There’s a new metric on Wallarm’s Dashboard — the cost of resources invested by hackers to attack your site. How do we measure it, and why does it matter?
What metrics are used to analyze attacks?
Information security is a process that subtracts funds from a business. Still, the cost effectiveness of this process is very difficult to measure. It’s impossible to estimate possible damage from an incident before it happens — and since information security doesn’t generate profit, ROI calculation is also always tricky.
We’ve considered the needs of our customers requiring quality attack analysis. Classic metrics, such as the quantity of attacks and their geography, are simply not representative. Protecting a site — it’s not an advertising company, attackers can change their ‘geographic address’ as they please. And what does the ‘map’ of attack distribution by continent show? Internet coverage around the globe! Unique IP addresses are also not indicative: cheap cloud resources and Tor can give one attacker thousands, or even hundreds of thousands, of different end IP addresses.
At Wallarm, we analyze attacks themselves — their nature, their character, and not just their sources. We understand when an attacker changes his IP address but continues the same attack. We understand when one scanner is using a distributed network with multiple external addresses.
We avoid using unnecessary data in Wallarm’s interface. We understand that users can’t keep track of dozens of metrics. Every extra second the operator spends on looking at and understanding the interface is another second for hackers to conduct their attack.
Therefore, we’ve developed an aggregate metric that helps tie together attackers and business risk.
Now, Wallarm users can evaluate safety risks in business terms — in money. This is truly necessary.
New metric — “Cost of attacks”
Starting today, Wallarm calculates the cost of resources expended to carry out each attack!
Cost of attack resources = cost of equipment + cost of tools:
- Cost of equipment is quite simple to calculate. For example, if the source of the attack is located in a cloud provider’s infrastructure, we take the average cost of this cloud instance from an public price list and use that in our calculation. If it’s VPS, we check the rental price of a similar server. And so on for other types of resources. We figure that if the resource is hacked and captured, then the cost of such an action is comparable to the cost of its lease at market price (this is our approach in calculating).
- The cost of tools makes small adjustments to the overall meaning of the cost of the attack, since that sum is mostly a question of the cost of equipment. Nevertheless, we take into account the market value of the tools used in the attack (licenses for the vulnerability scanners used in the attack, etc.). Here, we don’t consider the possibility that the attackers are using a cracked tool or a foreign license. By the way, instead of analyzing User-Agent and other signature-based methods (which is just funny, at this point), Wallarm implements behavioral fingerprinting schemes to determine the tools used in the attack. We’re planning to write about them in future posts.
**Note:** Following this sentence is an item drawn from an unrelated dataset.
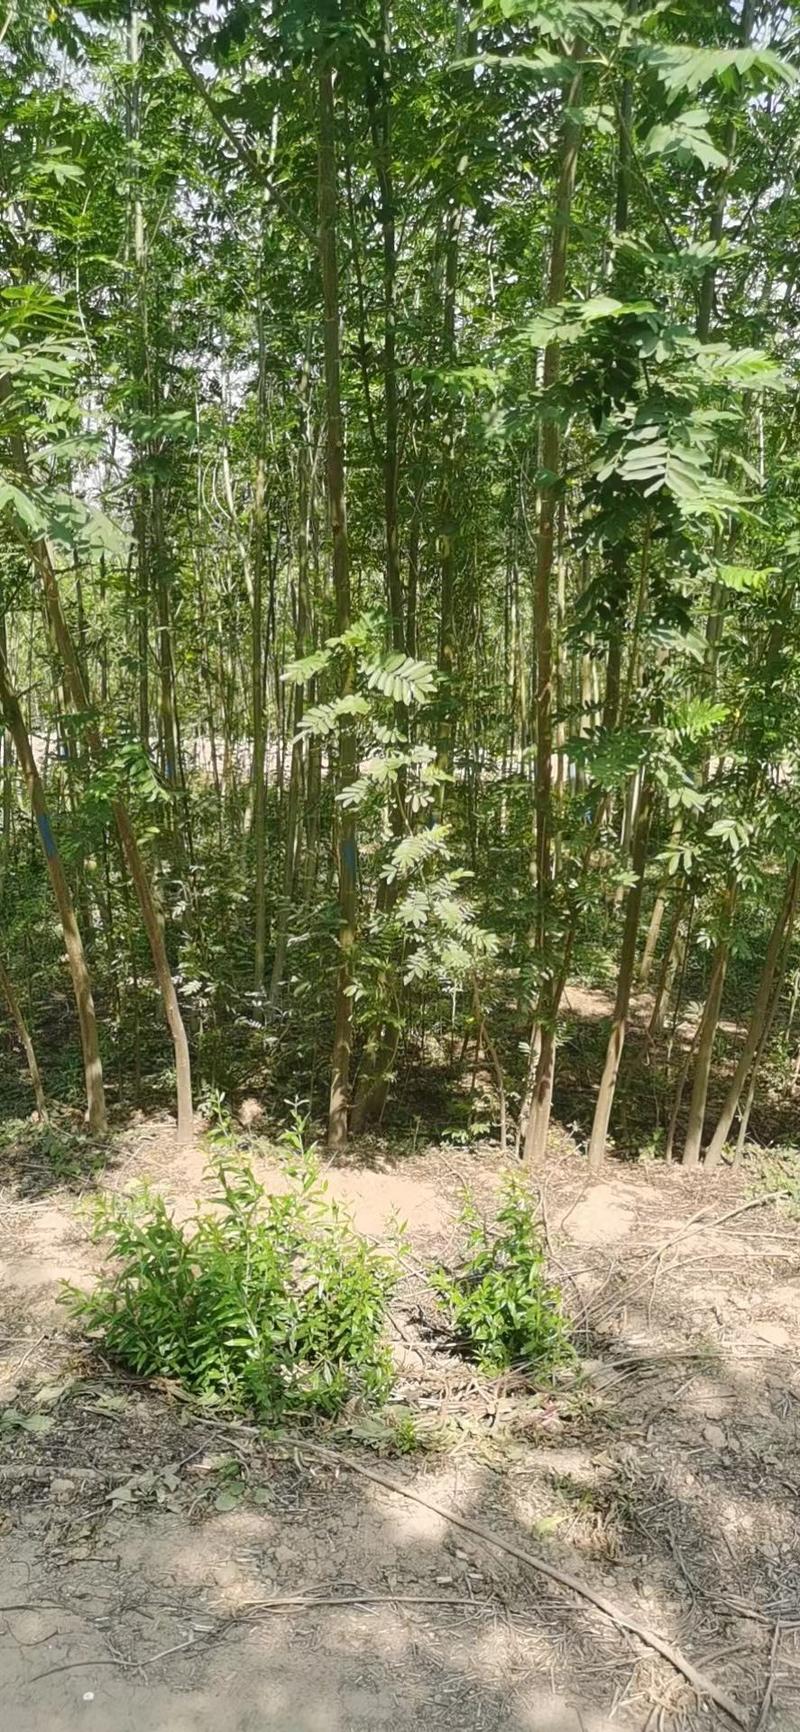 【热销】枫杨柳，元宝树，2公分--30公分，基地种植批发

In the future, we plan to finalize the calculation algorithm to include the cost of human resources for attacks. We already have classifications for hackers by skill level and ability based on an analysis of attack vectors and behavior, and we plan to take this into account in accordance with the labor market cost of safety consultants.
What the new metric gives you
The purpose of our metrics is to give you a minimum estimate in monetary terms of the cost to hackers to attack your project. Those resources that they’ve definitely already spent on you.
In the future, we want to give you a maximum estimate for this value and identify trends so that it’s even easier for you to work with information security in business terms: predicting risks, determining liquidity costs, assessing the effectiveness of measures you’ve taken, and solutions.